Exercise details:
The entries below hold a line with "Liquid Blue Grateful" and a line with "Сертификат по результатам". Return those lines and all that lie between them, exactly and only.

Entries supplied:
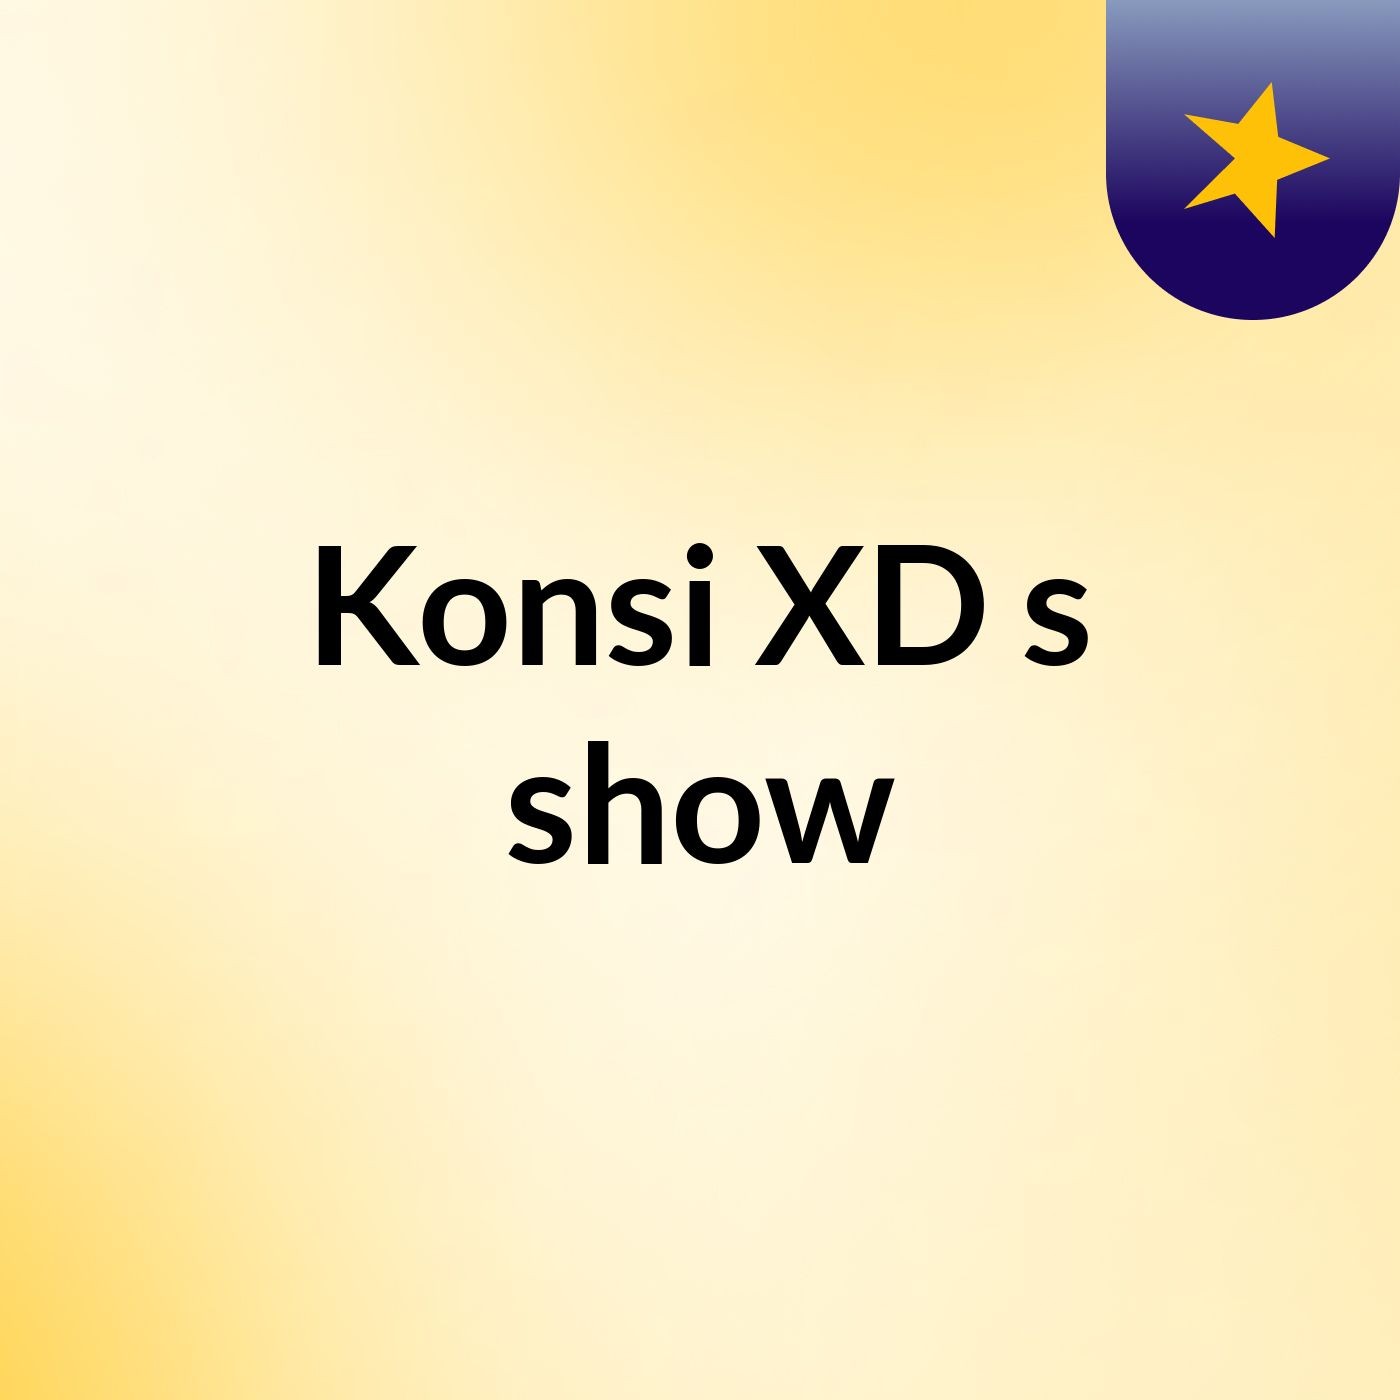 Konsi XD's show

...

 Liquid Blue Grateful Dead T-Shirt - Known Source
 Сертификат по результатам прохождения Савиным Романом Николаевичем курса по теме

---

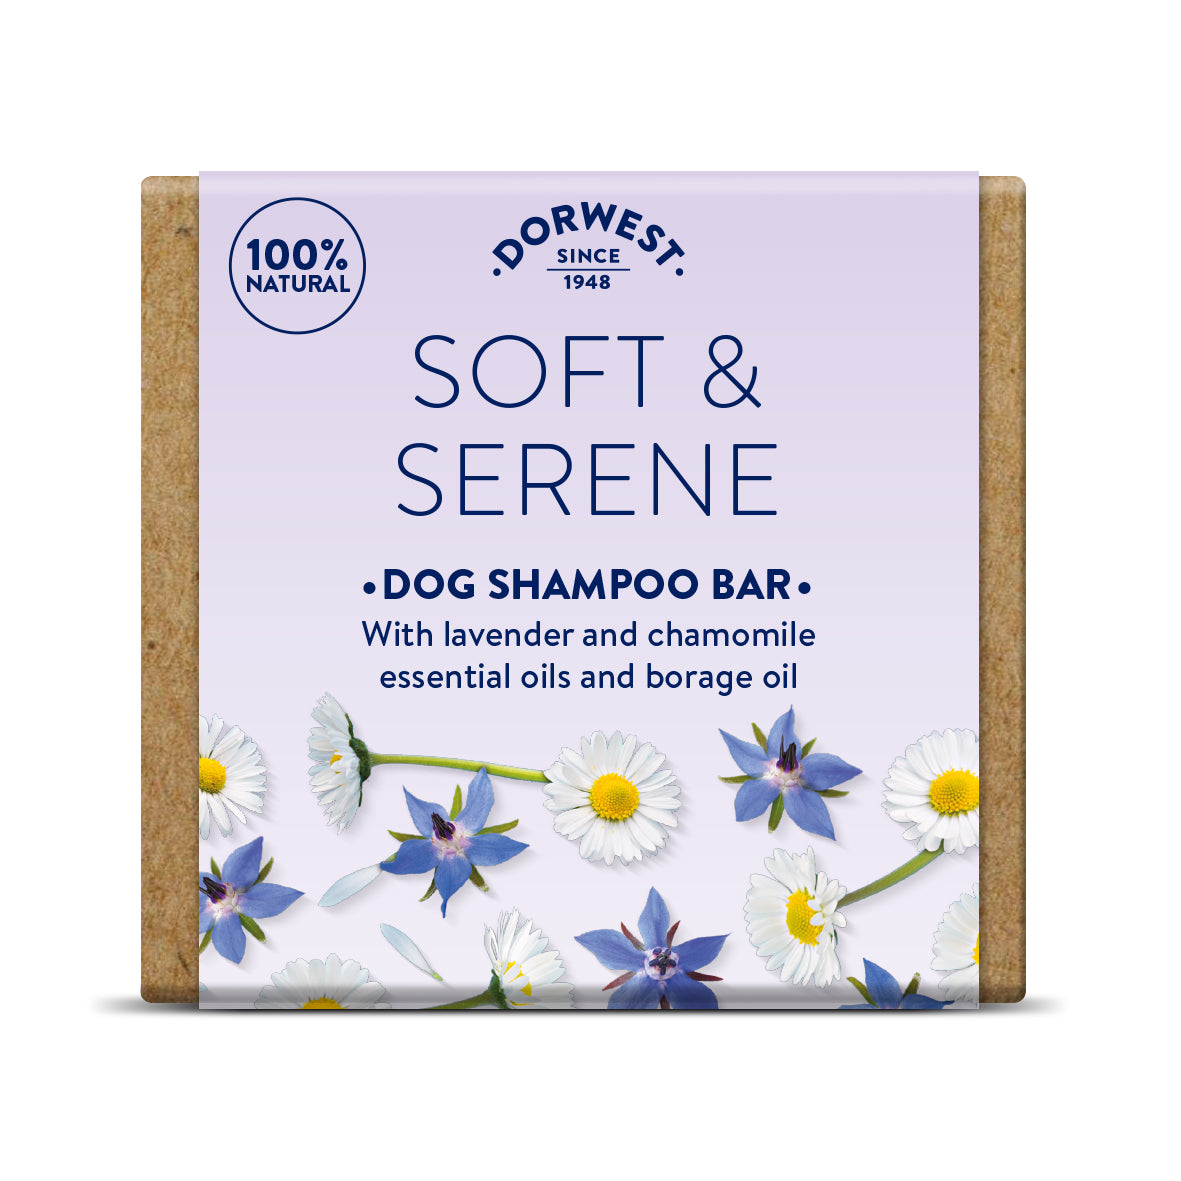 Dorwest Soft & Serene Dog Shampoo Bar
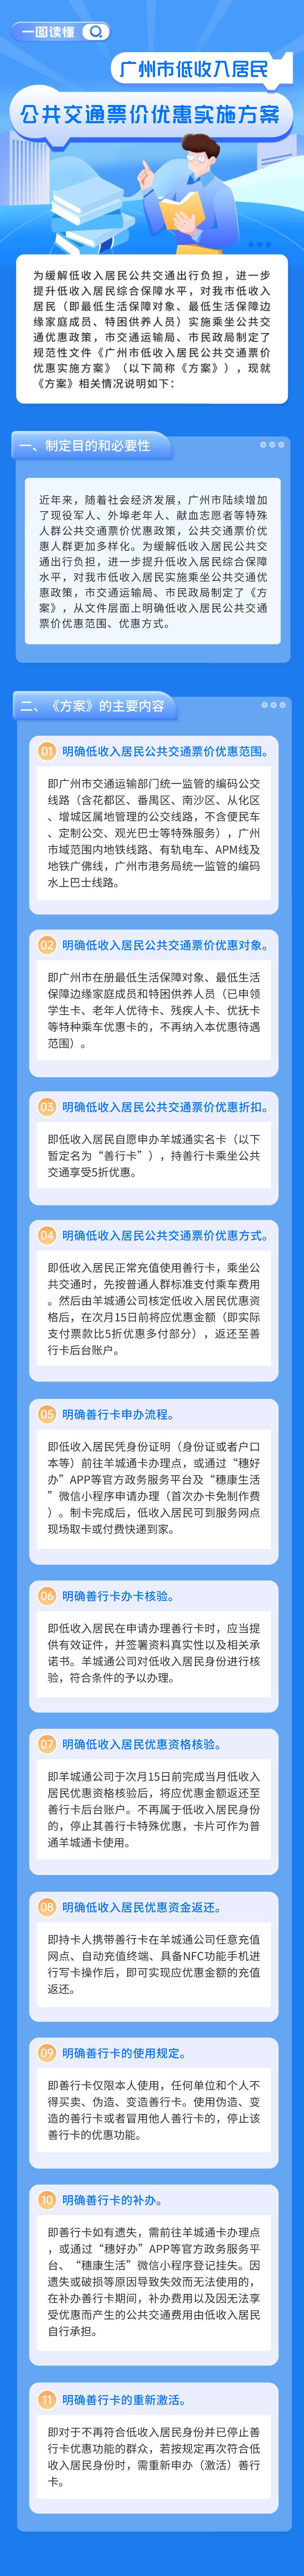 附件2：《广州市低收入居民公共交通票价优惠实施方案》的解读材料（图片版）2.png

Solved problem:
 Liquid Blue Grateful Dead T-Shirt - Known Source
 Сертификат по результатам прохождения Савиным Романом Николаевичем курса по теме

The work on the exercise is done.